The DRD2 gene encodes the D2-type dopamine receptor, one of five types of dopamine receptors. Dopamine is the primary neurotransmitter of the brain's reward pathway that mediates feelings of pleasure and overall well-being. Low dopamine function leads to increased risk of impulsive, compulsive and addictive behaviours (31). D2 receptors have been found to be involved in the ability to inhibit an ongoing response (response inhibition). Participants with greater D2 receptor availability, as measured by radioligand affinity in the brain, were able to stop more quickly during a behavioural stop-signal task (32). Theoretically, dysregulation of dopamine receptor function could modify the reward response from UV exposure and increase the desire to tan. Furthermore, catecholamine biosynthesis is linked to melanogenesis (33,34) and to the production of peripheral dopamine in pigmented mice (35). Plasma levels of L-DOPA are increased in patients with melanoma and may be useful to predict melanoma progression (36). These studies reveal complex interconnected pathways involving melanogenesis and dopamine regulation that are currently under-researched.
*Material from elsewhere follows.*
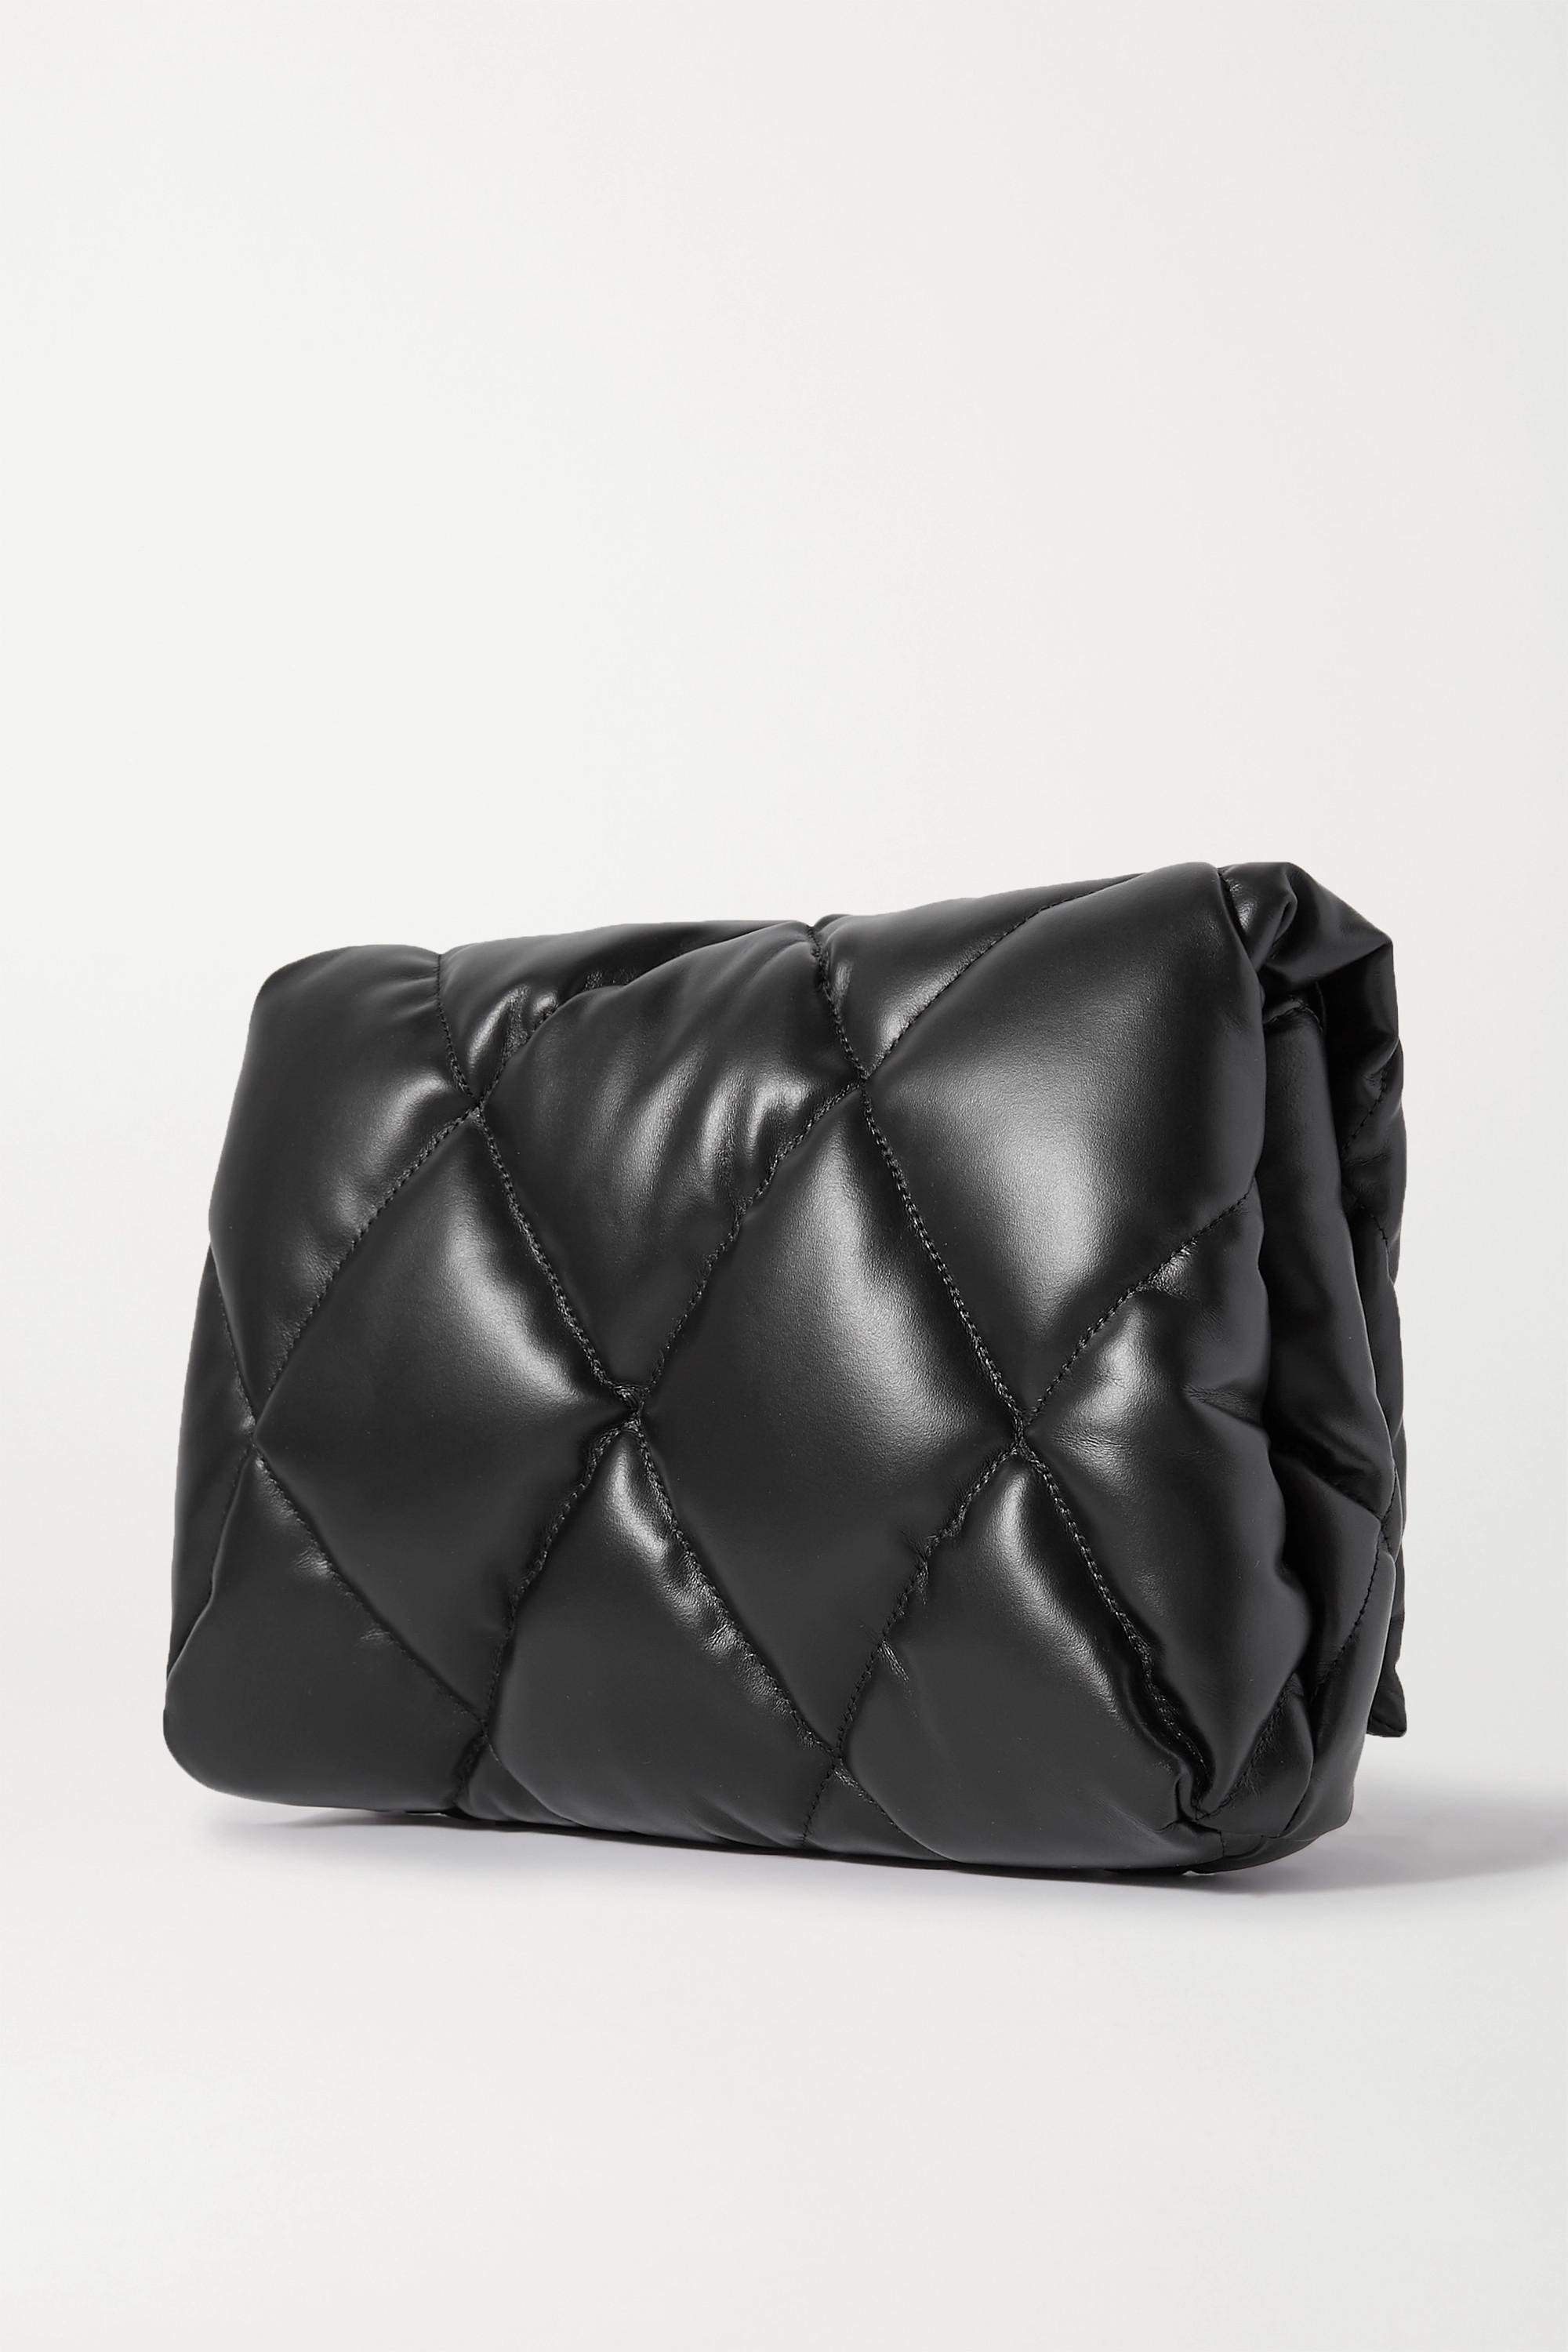 Balenciaga Touch Black Nappa Leather Quilted Puffy Clutch Bag 624947 – ZAK  BAGS ©️

The protein encoded by the ANKK1 gene belongs to the Ser/Thr protein kinase family and functions in signal transduction (26). The ANKK1 and DRD2 genes are adjacent to one another on chromosome 11 and share common block structure. A cluster of genes in this region is thought to function in neurotransmission pathways (21). SNPs that were found to be associated with substance dependency were originally attributed to the DRD2 dopamine receptor gene but were later found to lie within the ANKK1 gene. As SNPs in this region are in high linkage disequilibrium (data not shown), other SNPs may be contributing to these associations. We examined smaller haplotype blocks associated with the ANKK1 and DRD2 genes; however, as several haplotype alleles have high LD at this region, a more detailed analysis of this large region should be considered in future studies. Future molecular or brain imaging studies could help to determine whether the dopamine receptor is regulated by UV exposure.
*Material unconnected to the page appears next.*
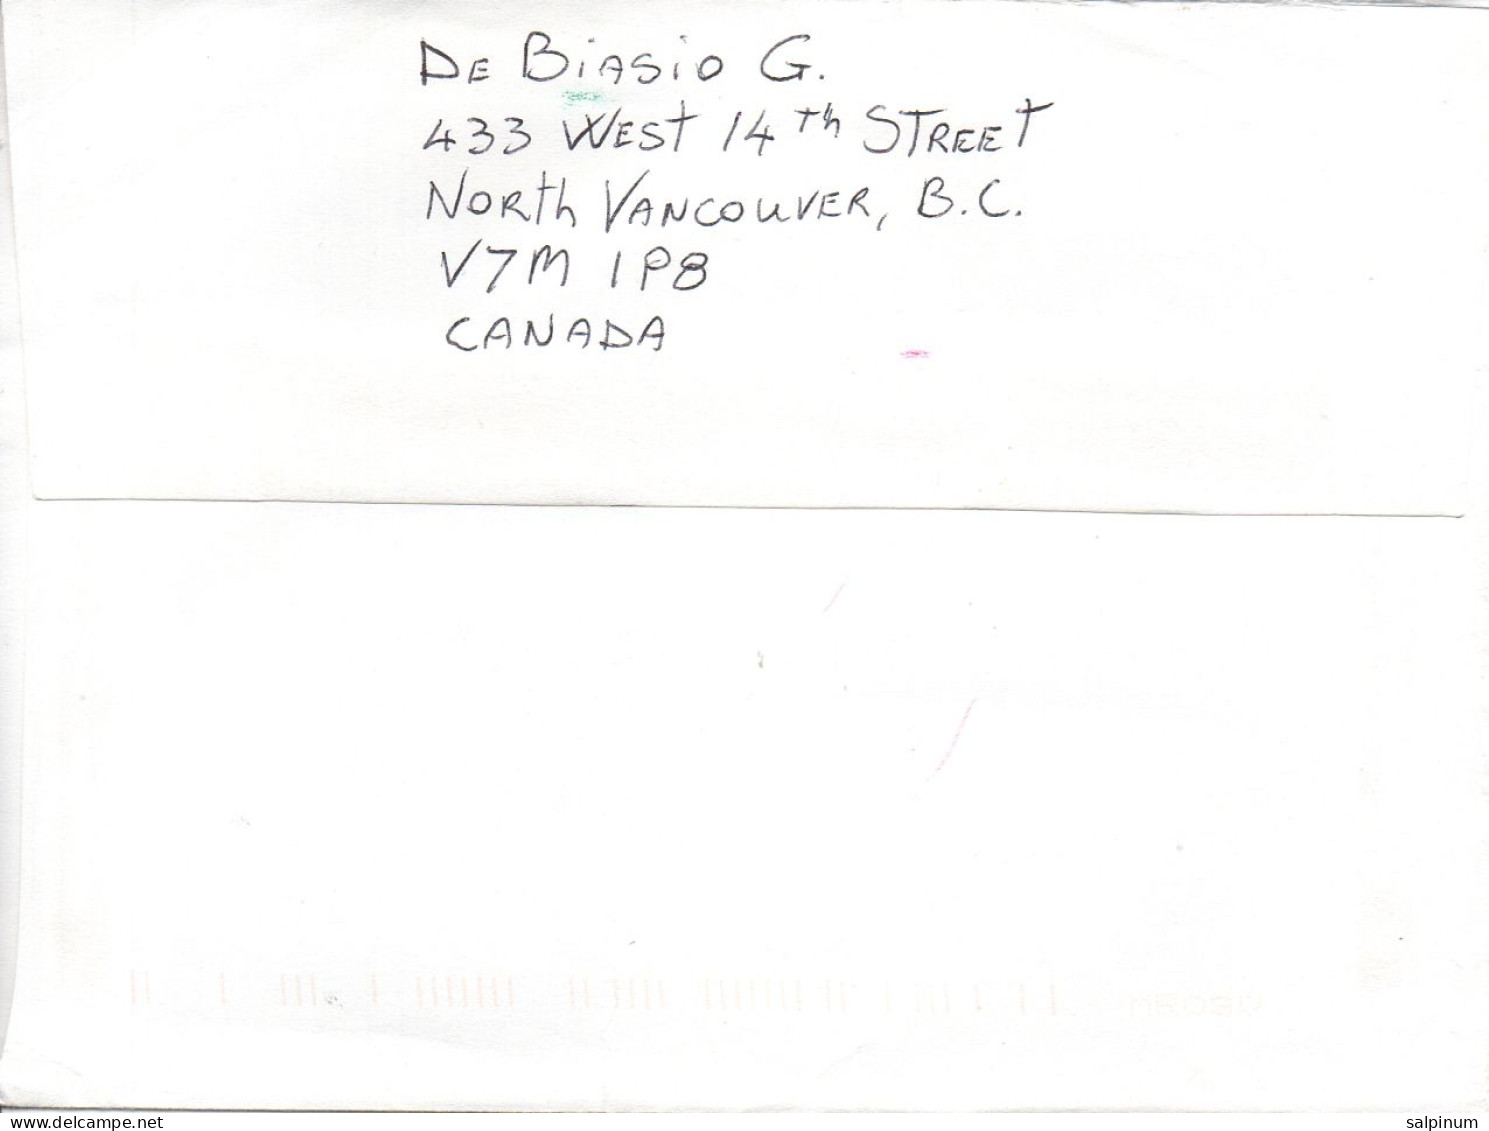 Philatelic Envelope With Stamps Sent From CANADA To ITALY - Briefe U. Dokumente

In this study, all of the SNPs that were associated with higher likelihood of tanning and increased risks of melanoma map to the ANKK1 and DRD2 alleles. The SNP rs1003641 was consistently associated with increased likelihood to have ever tanned indoors in single SNP analyses and in haplotype analyses and with increased risk of melanoma. Other SNPs in ANNK1 and DRD2 were also associated with increased risk of melanoma. To examine whether or not indoor tanning was in the causal pathway between these addiction genes and melanoma, we adjusted for having ever or never tanned indoors. However, adjustment for indoor tanning use did not attenuate the association of these SNPs with the risk of melanoma, perhaps because indoor tanning use may be correlated with other addictive behaviours that also increase the risk of melanoma but were not measured in the Skin Health Study. The positive associations we observed between some addiction SNPs in ANKK1 and DRD2 and risk of melanoma among non-tanners is surprising. Other factors related to addictive behaviour such as frequent sun exposure, and alcohol, smoking or other substance use should be considered in the development of melanoma in never tanners with ANKK1 and DRD2 variants.
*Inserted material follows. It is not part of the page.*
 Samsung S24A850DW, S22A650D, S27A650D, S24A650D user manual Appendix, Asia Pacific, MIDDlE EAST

Mining of The Cancer Genome Atlas (TCGA) database provided ancillary support for a role of DRD2/ANKK1 in melanoma (http://www.cbioportal.org/public-portal/cross_cancer.do). Interestingly, when we queried the TCGA skin cutaneous melanoma data set for mutations and copy number variations (CNVs) in DRD2 and ANKK1 using the cBio Cancer Genomics portal (37), we found that nearly 12% of the skin cutaneous melanomas contained DRD2/ANKK1 mutations or CNVs, the highest prevalence compared with other cancers studied thus far, including lung cancer for which there are published studies suggesting an association of DRD2 SNPs with smoking status (38) and lung cancer risk (39). There was a strong tendency for mutations and CNVs in DRD2 and ANKK1 to occur together (i.e. were not mutually exclusive of one another). Although it is unclear how DRD2 somatic genetic variants might influence tanning behaviour, these results suggest that the DRD2 dopamine receptor gene and ANKK1 signalling genes are intriguing candidates for association with tanning behaviour.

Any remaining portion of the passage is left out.